## EXERCISE
Return each line of the data below verbatim; pictures are to be left out.

## MATERIAL PROVIDED
____________

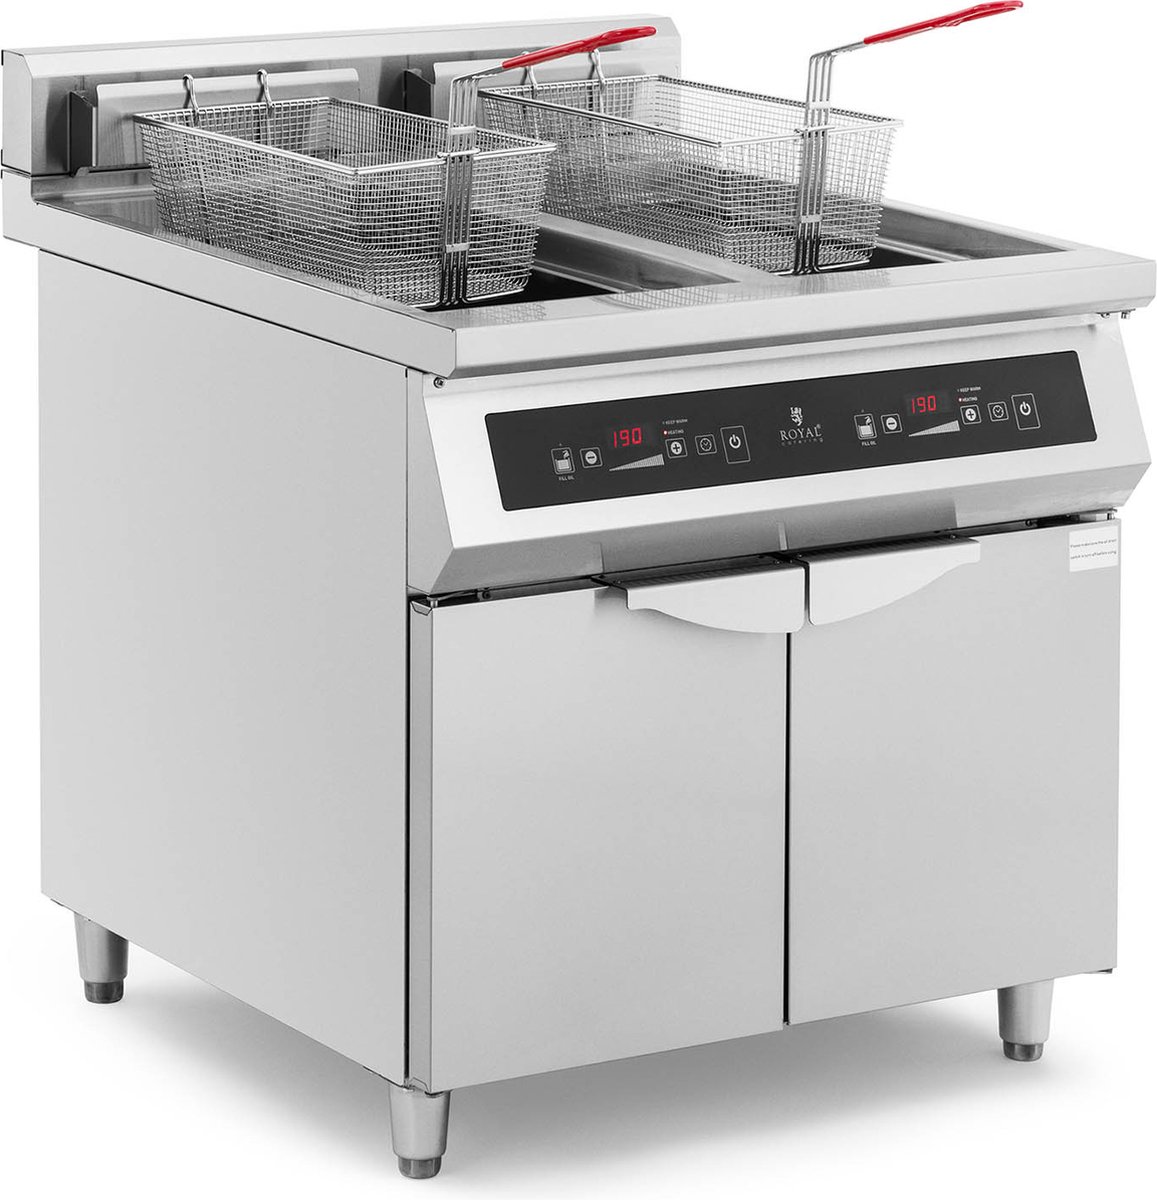 Royal Catering Inductiefriteuse - 2 x 30 L - 60 tot 190 °C - Royal Catering
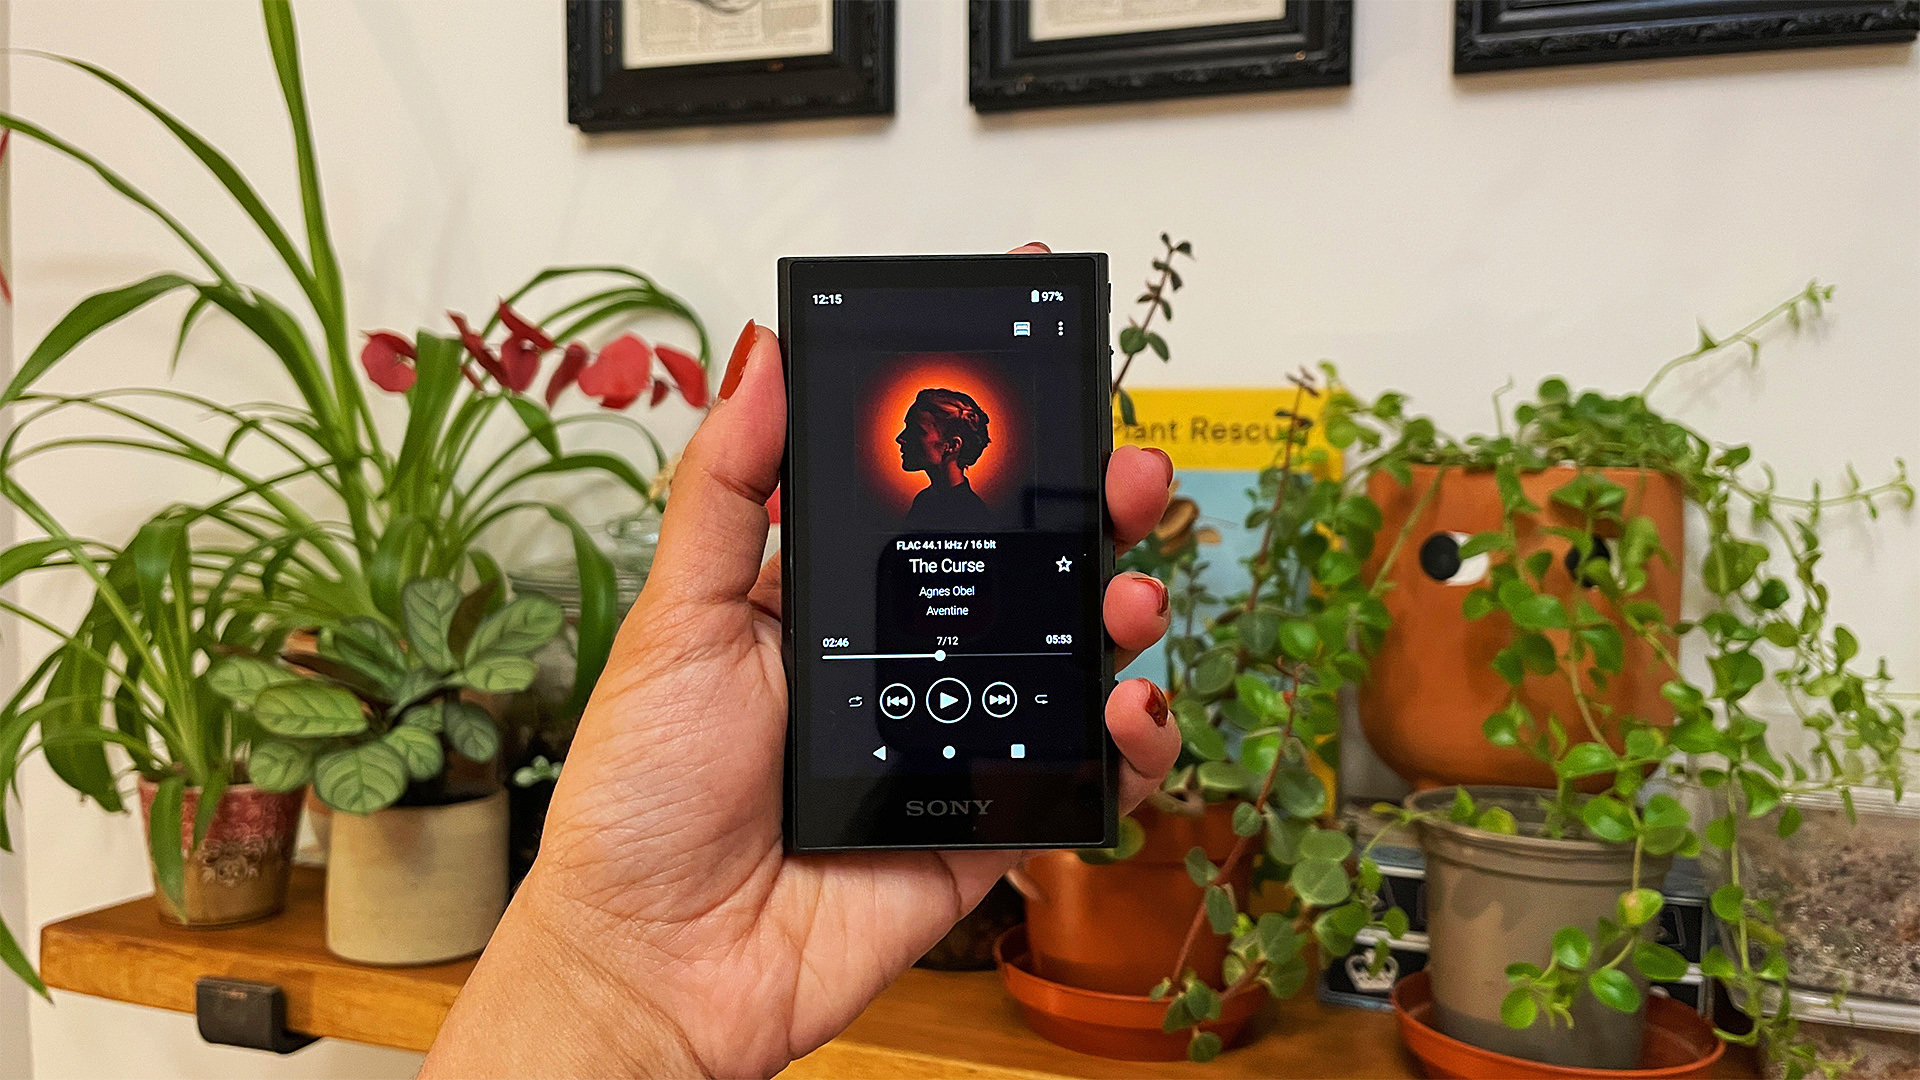 Sony NW-A306 review: an affordable Walkman that's appealing and
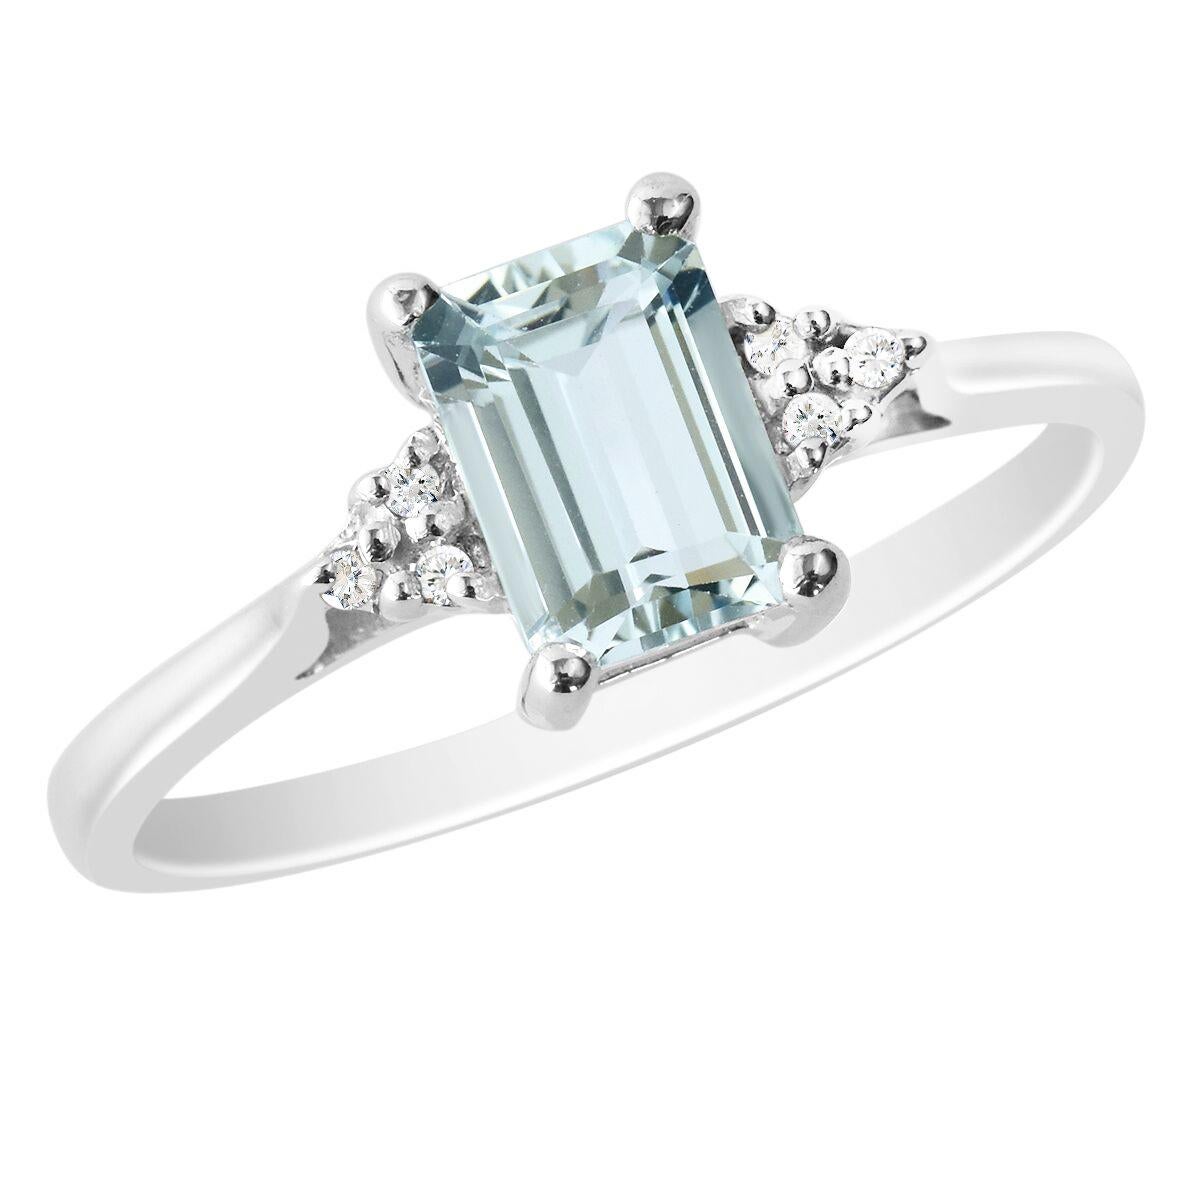 Contemporary 0.90 Carat Natural Emerald Cut Aquamarine Ring Solid White Gold with 6 Diamonds

____________

## OUTPUT FOR THIS TASK
 Royal Catering Inductiefriteuse - 2 x 30 L - 60 tot 190 °C - Royal Catering
 Sony NW-A306 review: an affordable Walkman that's appealing and
 Contemporary 0.90 Carat Natural Emerald Cut Aquamarine Ring Solid White Gold with 6 Diamonds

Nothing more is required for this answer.